As you approach retirement, you may decide to rebalance your portfolio by adjusting how much is invested in stocks versus more conservative investments. If you're using Lifecycle Funds, you may periodically review whether your selected retirement date still aligns with your goals.
It's also a good idea to review your contribution percentage after major life and career events, such as:
- Promotions
- Pay raises
- Marriage
- The birth or adoption of a child
- A Permanent Change of Station (PCS)
- Transitioning out of Active Duty
Increasing contributions after a pay increase may allow you to boost retirement savings without significantly affecting your day-to-day budget.

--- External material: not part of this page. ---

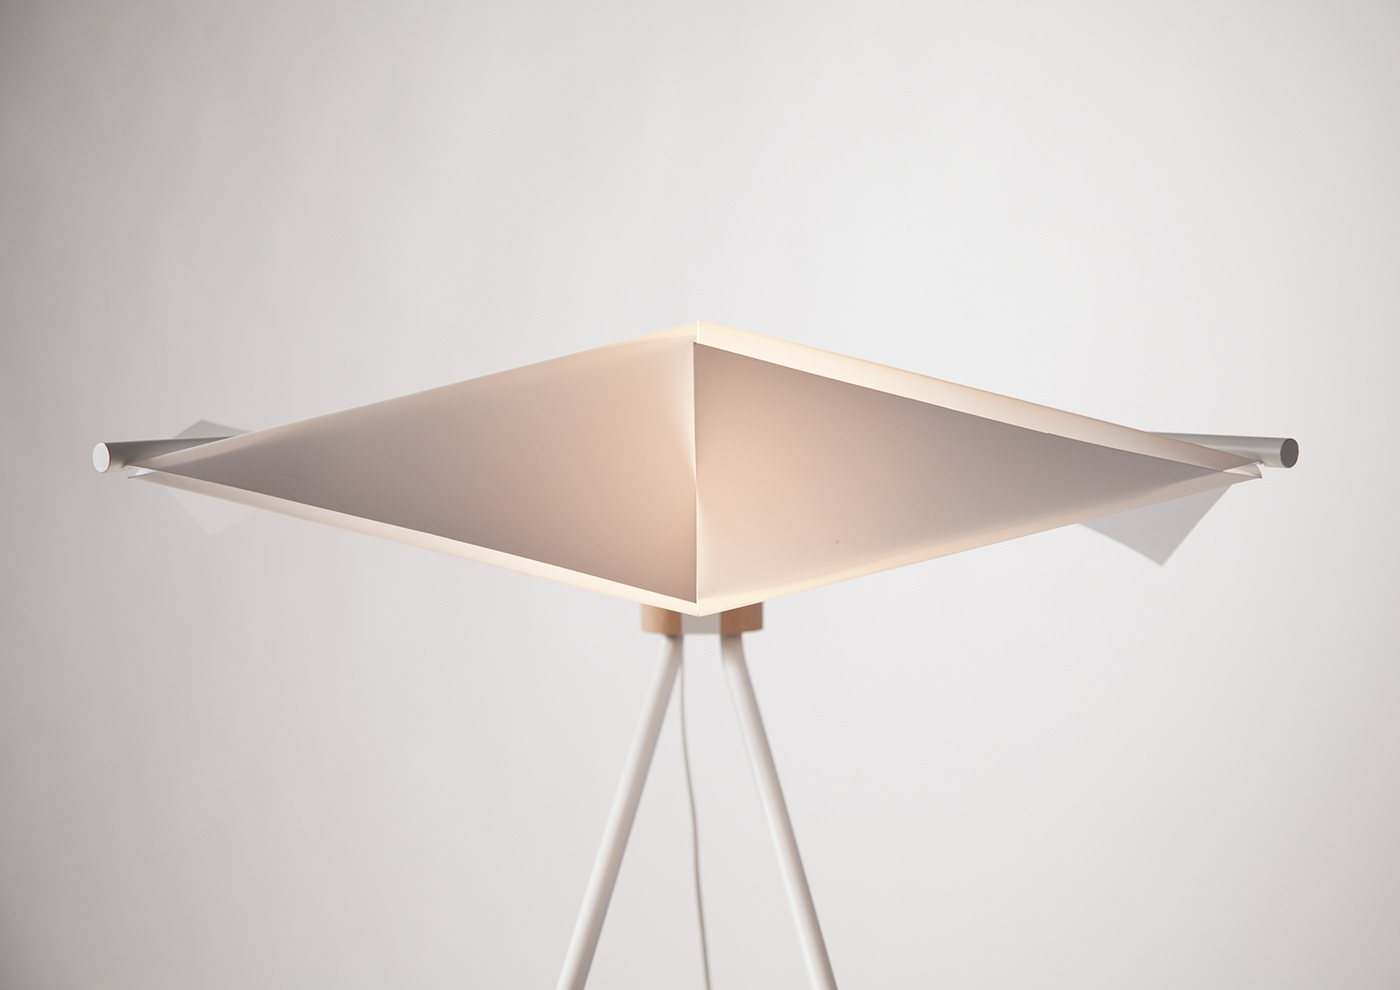 Lamp design origami  light light regulation wood metal minimal floor lamp interiors design

The TSP also offers loan and withdrawal options under certain circumstances. These features provide short-term access to funds; however, they should be approached with caution. Borrowing from or withdrawing retirement savings may reduce future growth potential and, in some cases, result in taxes or penalties.
What Happens to Your TSP When You Leave Service
Leaving military service doesn't mean you have to move your TSP account.
Depending on your situation, you generally have several options:
- Leave your money in the TSP
- Roll funds into an Individual Retirement Account (IRA)
- Roll funds into a new employer-sponsored retirement plan
- Begin taking eligible withdrawals if you meet applicable requirements
Each option comes with different fees, investment choices, and tax considerations.
If you're approaching retirement age, you must also understand required minimum distributions (RMDs). These are minimum withdrawal amounts that retirement account owners must begin taking at certain ages under federal tax rules.
Before making major decisions about your retirement savings, consider reviewing your options carefully, evaluating how they fit into your broader financial plan, and discussing with a financial professional.